Whether it's movies or games, your franchise usually is usually good for least a couple of installments before someone throws up their hands and yells, “this isn't working, call a reboot!” While that threshold's perpetually lowering, the Uncharted movie has achieved the impressive feat of crossing it before a single frame of film's been shot. Neil Burger, recently-hired director of the inexplicably troubled project (really, how hard is it to make a movie about a guy who shoots people and makes wisecracks?), says he's ripping up David O. Russell's script and writing from scratch before he even thinks of who might play Nathan.
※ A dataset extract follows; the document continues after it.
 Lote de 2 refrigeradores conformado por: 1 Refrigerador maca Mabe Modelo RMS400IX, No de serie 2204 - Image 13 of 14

Above: Anyone who steps into Nathan Drake's shoes ought to be able to wield a shotgun without blowing their own face off, at least during takes
Burger is on the promo rounds for his most recent film, the inconceivably ridiculous-sounding Limitless, in which “a writer discovers a top-secret drug which bestows him with [sic] superhuman abilities!” If the history of Uncharted – which, again, is a story about a guy who runs around, jumps over things, fights baddies and grabs shiny shit – is anything to go by, anyone attempting to write the script could do with just such a contrivance, but Burger reckons he has the character figured. “He's this ballsy guy that lives by his wits, and who's capable of kind of anything and everything. He's fearless and he doesn't give a damn and he'll go after the thing.” Hardly a nuanced reading – but in the context of the game-movie genre, any writer who can compose a script in which all the words are written in the same font is already ahead of the game.
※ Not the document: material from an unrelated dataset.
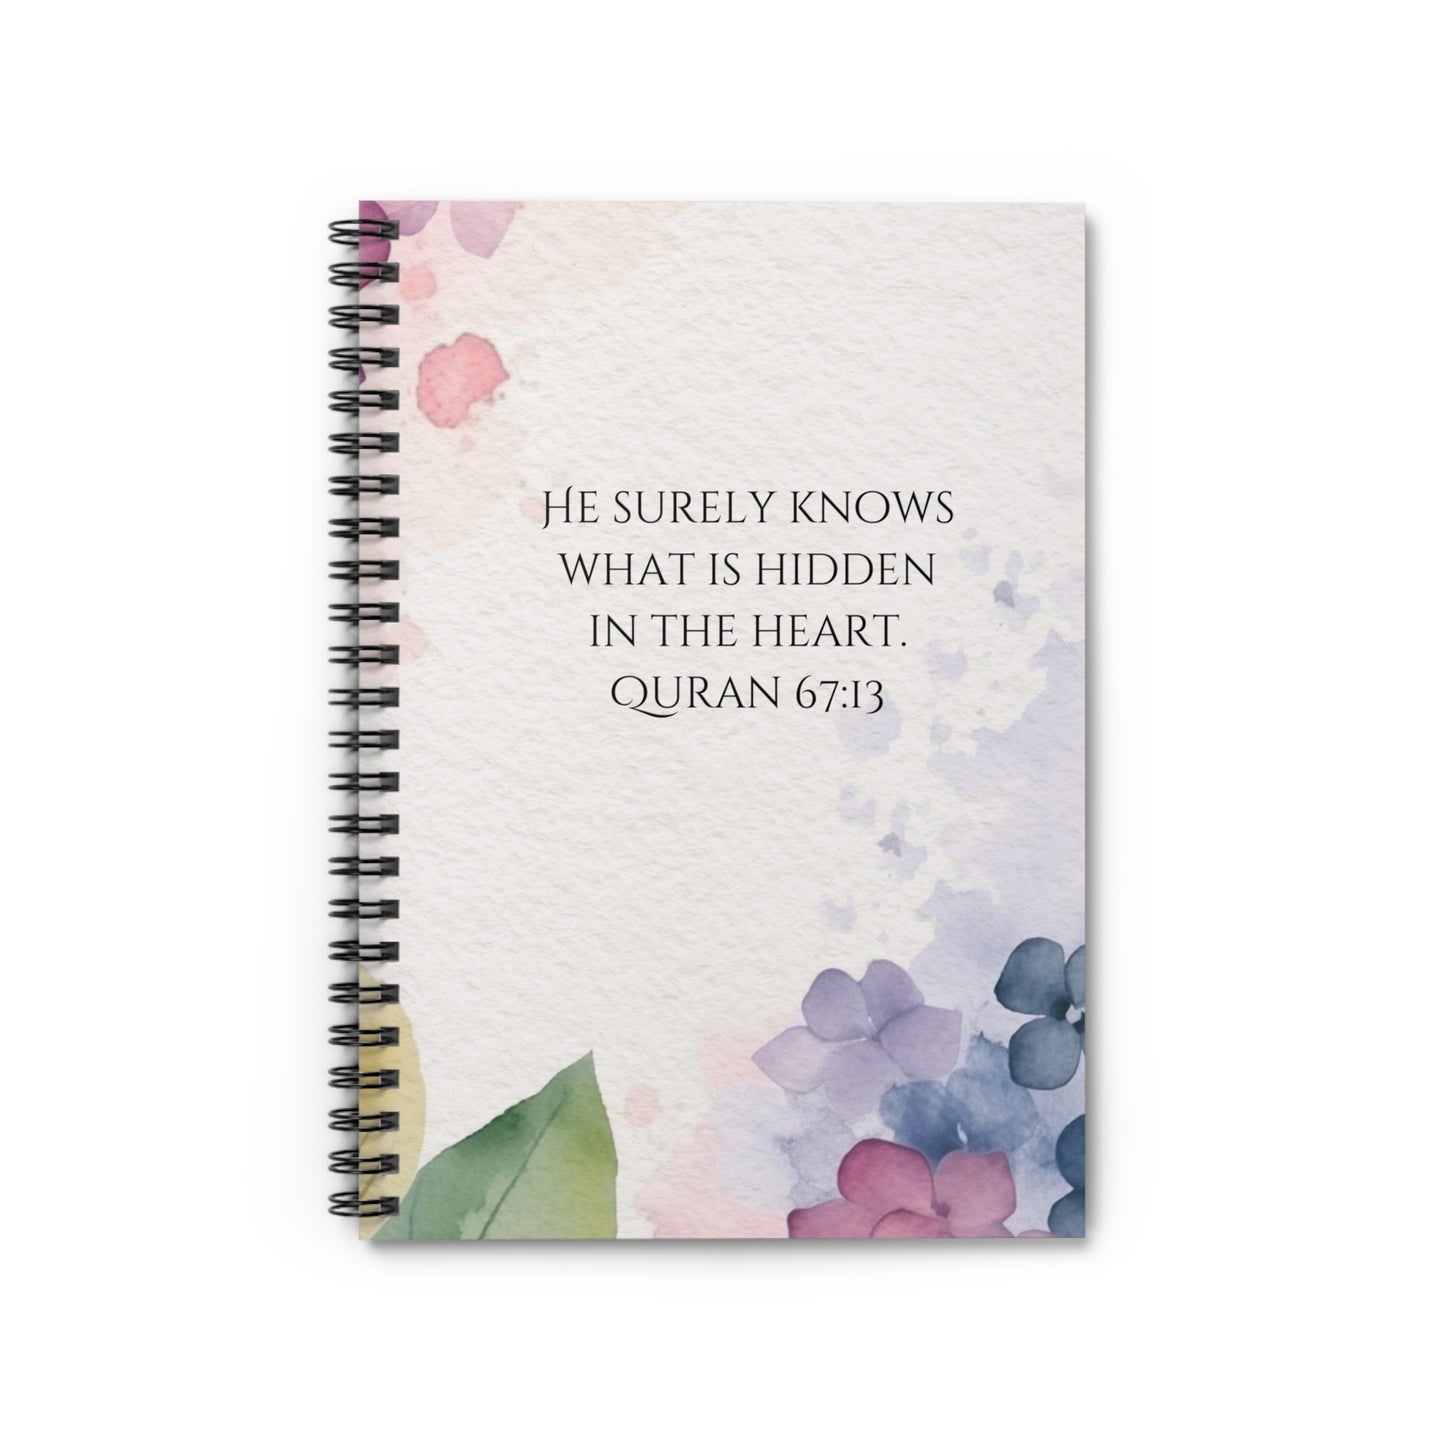 Quran 67:13 Islamic Journal Notebook

Above: The successful thespian will also be required to share screentime with one or more beautiful ladies, preferably without giggling visibly
As for casting – and again, not to disparage what should make for a perfectly enjoyable film, but if most of your actors are awake during takes, your videogame-movie is already a winner – Burger isn't getting into the “which actor looks best dirty and unshaven” game just yet. He says the script's the first job, then “you see who's available, who seems right, who's a new actor that's just breaking.” Burger's previous scripts have attracted the leading-man talents of Edward Norton, Tim Robbins and Bradley Cooper, so hopes are high that he should be able to put together a story that might lure that elusive actor capable of playing “roguish but likeable” out of the woodwork. What does this news do for your hopes regarding the Uncharted movie?